The objective of this workshop is to implement a genetic programming algorithm to evolve a program that can solve the Lunar Lander problem.

The Lunar Lander problem is a classic reinforcement learning problem where the objective is to land a spacecraft on the moon. The spacecraft has two engines that can be used to control the spacecraft.
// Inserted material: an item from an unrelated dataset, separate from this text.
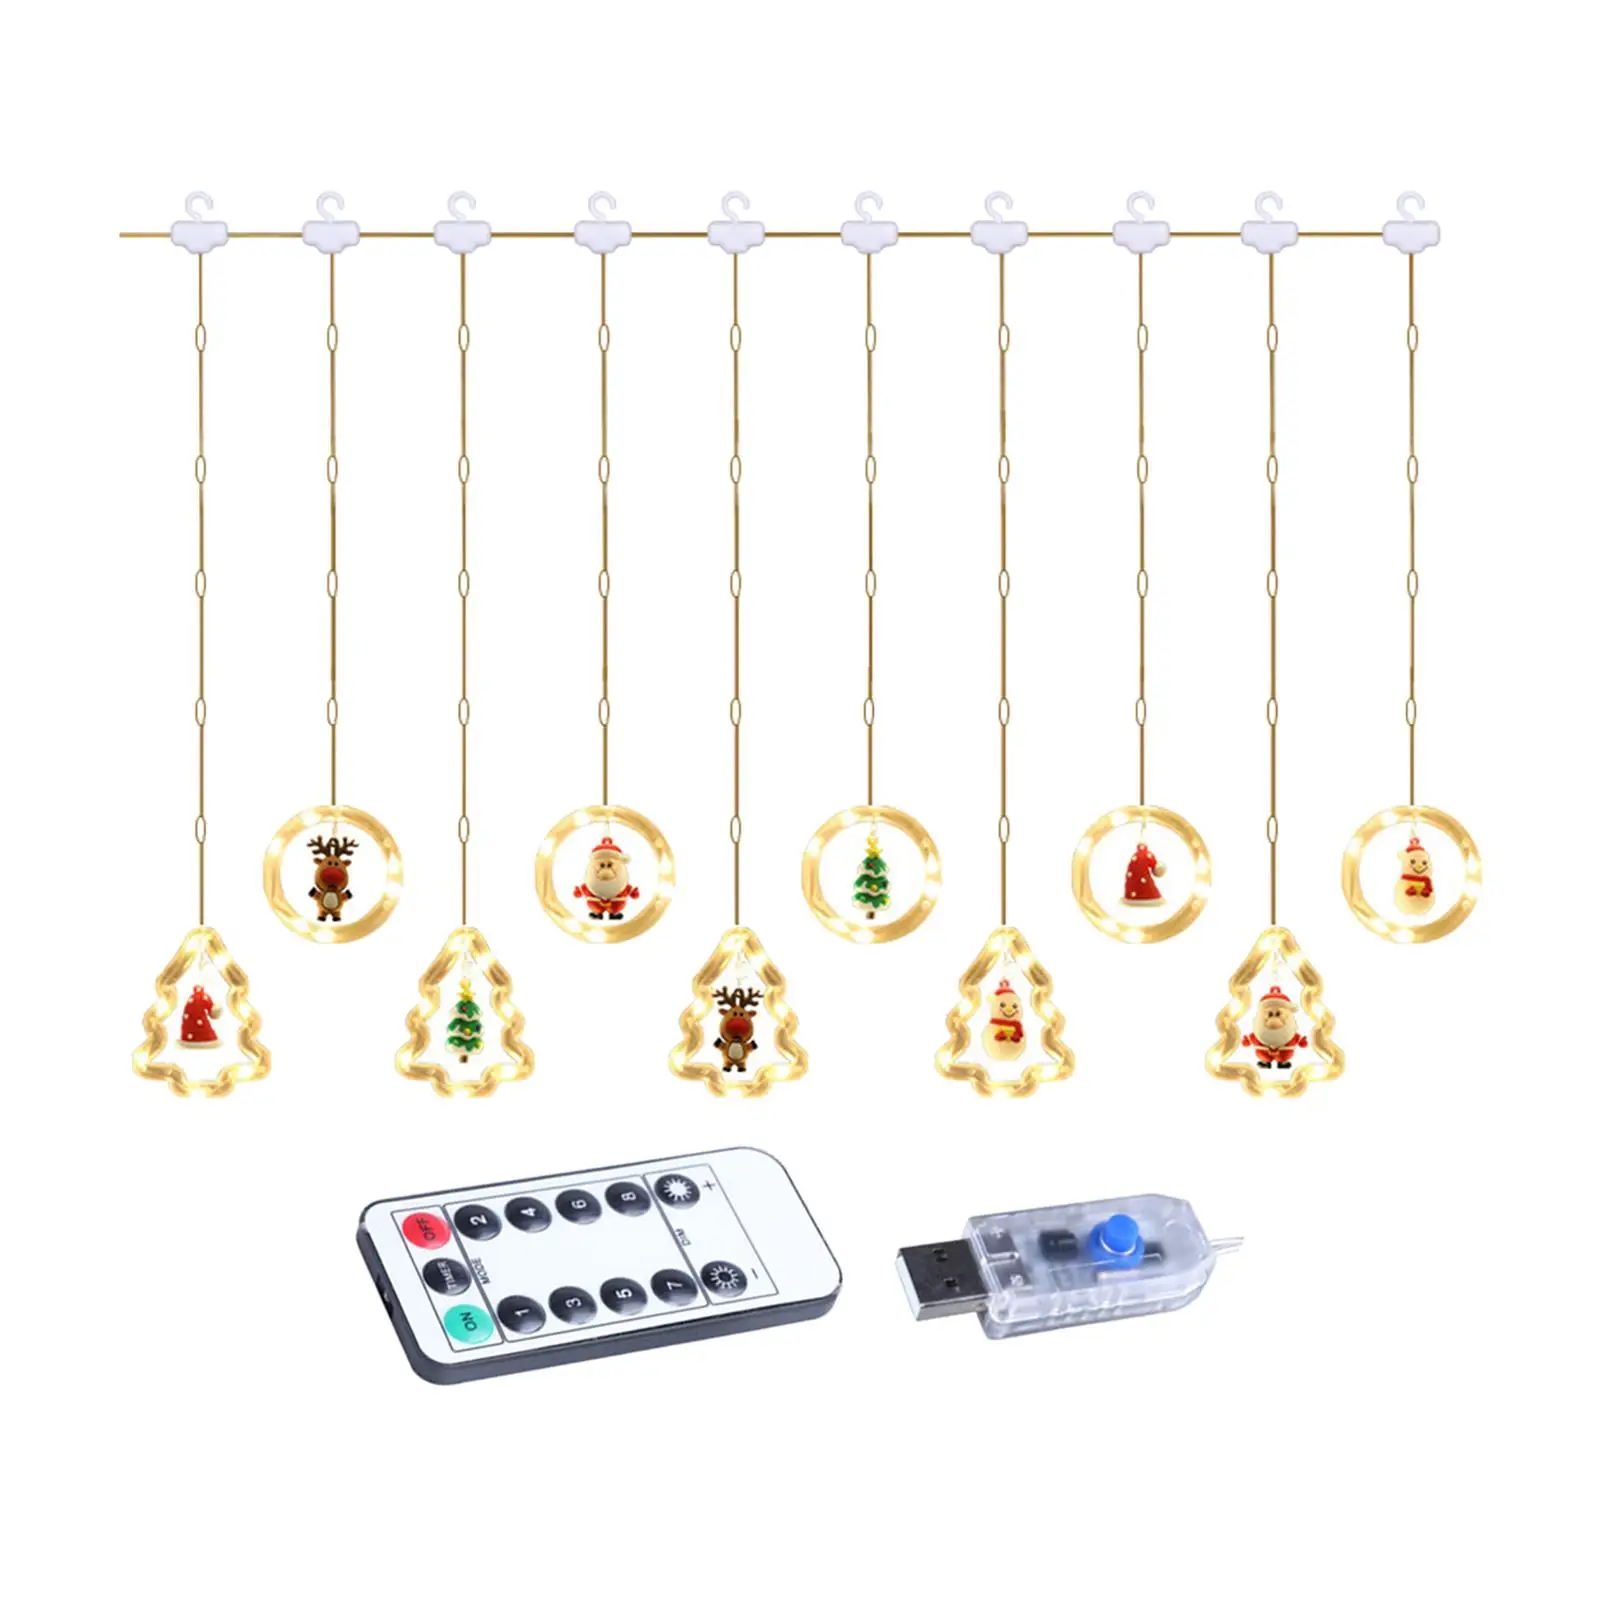 LED Christmas String Light Lighting Remote Control Hanging Ornament for Party Bar Yard Window Decoration

The engines can be turned on or off, and the thrust of each engine can be set to one of three levels: -1, 0, or 1. The spacecraft has a limited amount of fuel, and the goal is to land the spacecraft on the moon with as little fuel as possible.

To use the Lunar Lander problem in this workshop, we will use the [OpenAI Gym](https://gym.openai.com/) library. The OpenAI Gym library provides a collection of reinforcement learning problems, including the Lunar Lander problem. The OpenAI Gym library also provides a Python interface to the Lunar Lander problem, which we will use in this workshop.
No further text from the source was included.